Indonesia Miliki 333 GW Potensi Energi Terbarukan yang Siap dikelola

Foto: Pradita Utama

Institute for Essential Services Reform (IESR) mengungkapkan bahwa Indonesia memiliki potensi besar dalam pengembangan energi terbarukan dengan kapasitas proyek yang layak secara finansial mencapai 333 GW. Kajian terbaru mereka menunjukkan bahwa meskipun potensi teknis energi terbarukan di Indonesia lebih dari 3.700 GW, pemanfaatannya masih belum optimal, terutama untuk tenaga surya dan angin.

Menurut Manajer Program Transformasi Sistem Energi IESR, Deon Arinaldo, kajian ini menganalisis potensi proyek berdasarkan regulasi yang berlaku serta kesiapan infrastruktur kelistrikan. Dari analisis tersebut, ditemukan bahwa pembangkit listrik tenaga angin daratan dapat berkontribusi sekitar 167 GW, sementara tenaga surya berbasis daratan memiliki potensi sebesar 165,9 GW, dan tenaga mikrohidro sekitar 0,7 GW.

Koordinator Riset Kelompok Data dan Pemodelan IESR, Pintoko Aji, menjelaskan bahwa lebih dari 60% dari total potensi proyek yang layak secara finansial memiliki tingkat pengembalian investasi yang menarik. Ini menandakan bahwa sektor energi terbarukan dapat menjadi peluang yang menjanjikan bagi investor. 

Secara geografis, sumber daya angin lebih banyak tersedia di wilayah Sulawesi, Nusa Tenggara, Maluku, dan Papua, sedangkan minihidro memiliki potensi besar di Sumatera. Sementara itu, tenaga surya dapat dimanfaatkan secara luas di Sumatera, Kalimantan, dan Sulawesi.

Agar potensi ini dapat dimaksimalkan, penguatan infrastruktur kelistrikan seperti jaringan transmisi dan distribusi menjadi hal yang krusial. IESR mendorong pemerintah untuk mengakomodasi alokasi lahan bagi energi terbarukan dalam perencanaan tata ruang serta menyederhanakan regulasi pengadaan lahan guna mengurangi risiko investasi. Selain itu, target pemanfaatan energi terbarukan yang lebih spesifik untuk setiap daerah dapat membantu mempercepat transisi energi di Indonesia.

Dalam hal penyediaan listrik, PT PLN (Persero) diharapkan dapat menyusun strategi untuk memperluas jaringan ke lokasi-lokasi dengan potensi energi terbarukan yang tinggi.

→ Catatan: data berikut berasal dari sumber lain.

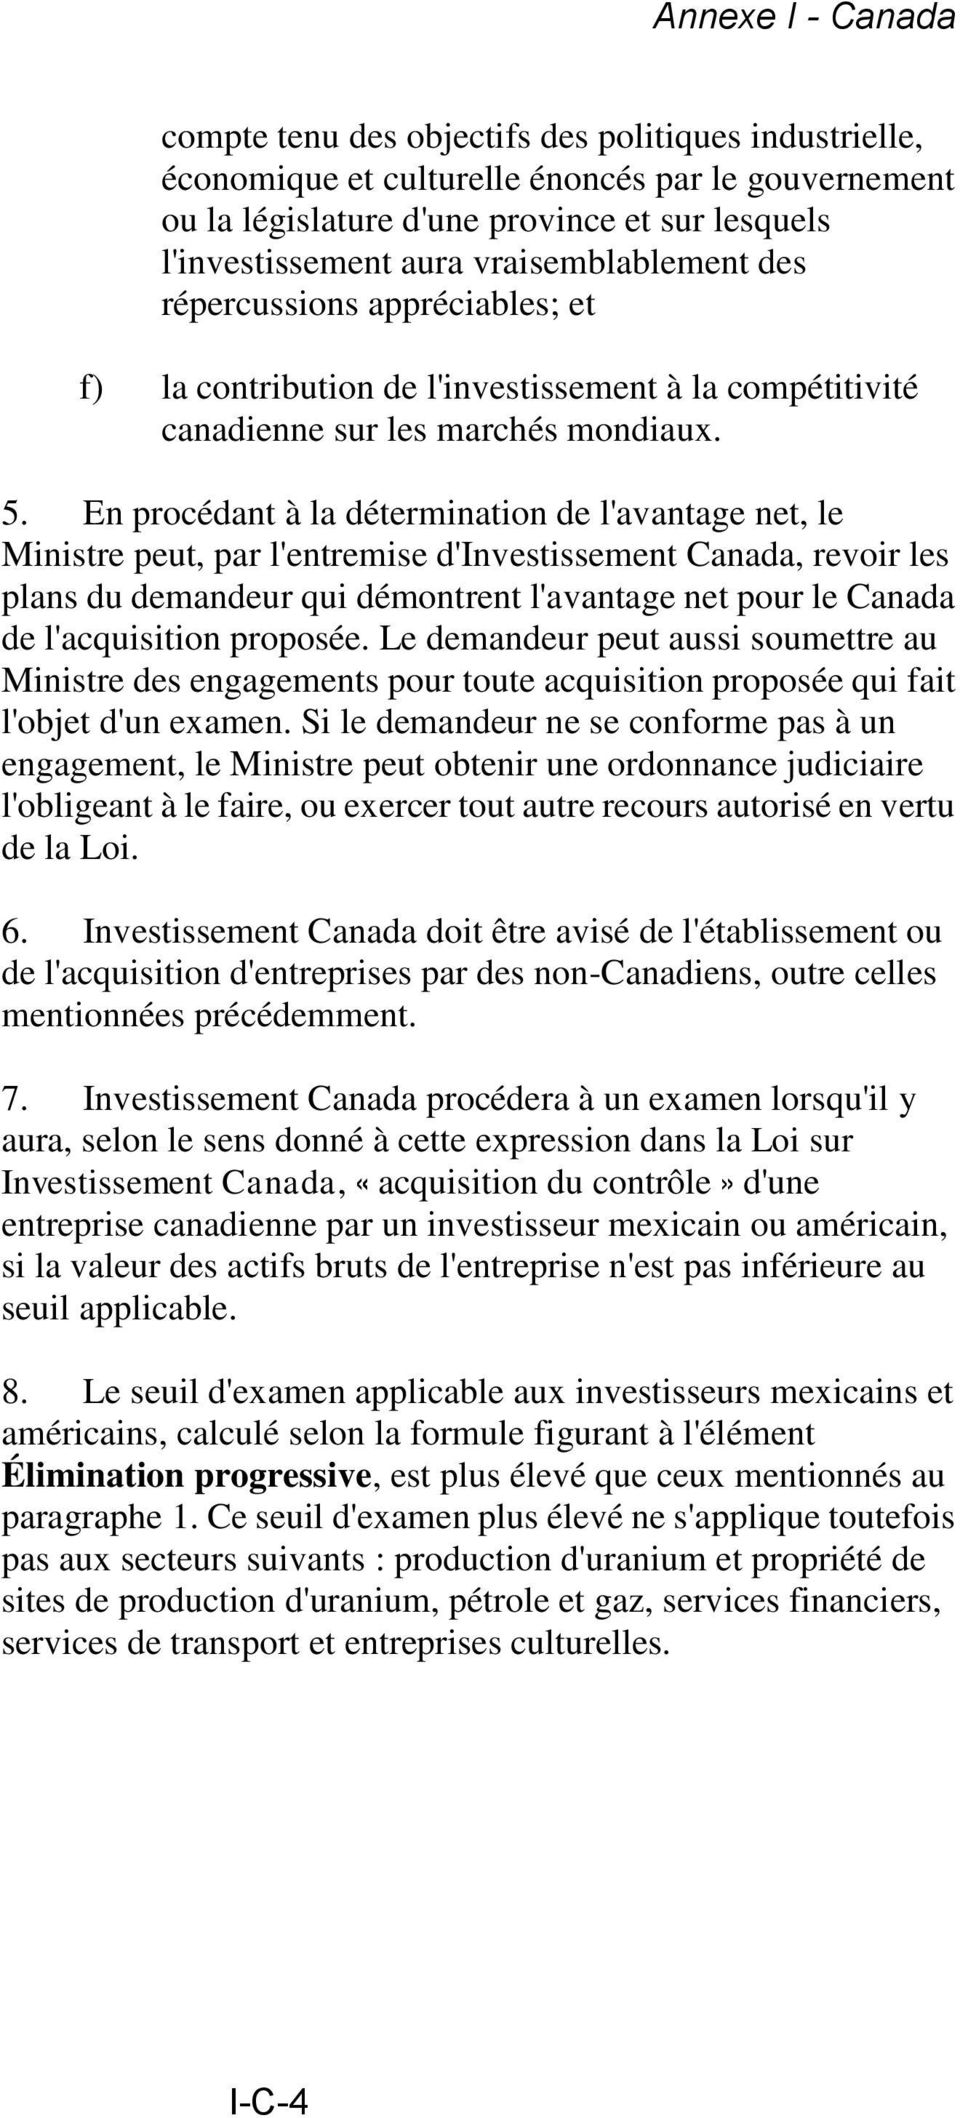 En procédant à la détermination de l'avantage net, le Ministre peut, par l'entremise d'investissement Canada, revoir les plans du demandeur qui démontrent l'avantage net pour le Canada de

Selain itu, reformasi dalam mekanisme pengadaan di sektor energi juga diperlukan agar proyek-proyek ini dapat terintegrasi dengan baik ke dalam sistem kelistrikan nasional.

Ketua Pakar Asosiasi Energi Surya Indonesia (AESI), Herman Darnel Ibrahim, menilai bahwa tenaga surya memiliki peran strategis dalam transisi energi. Dengan kemajuan teknologi yang semakin pesat, energi surya kini menjadi lebih kompetitif dibandingkan sumber energi konvensional seperti gas dan nuklir.

Sebagai bagian dari komitmen menuju emisi nol bersih (net zero emission) pada 2060 atau lebih cepat, Indonesia telah bergabung dalam inisiatif Just Energy Transition Partnership (JETP) senilai 20 miliar dolar AS sejak 2022. Salah satu target utama dari kesepakatan ini adalah mengurangi emisi karbon hingga 290 juta ton CO2 serta meningkatkan porsi energi terbarukan dalam bauran energi nasional hingga 34% pada 2030.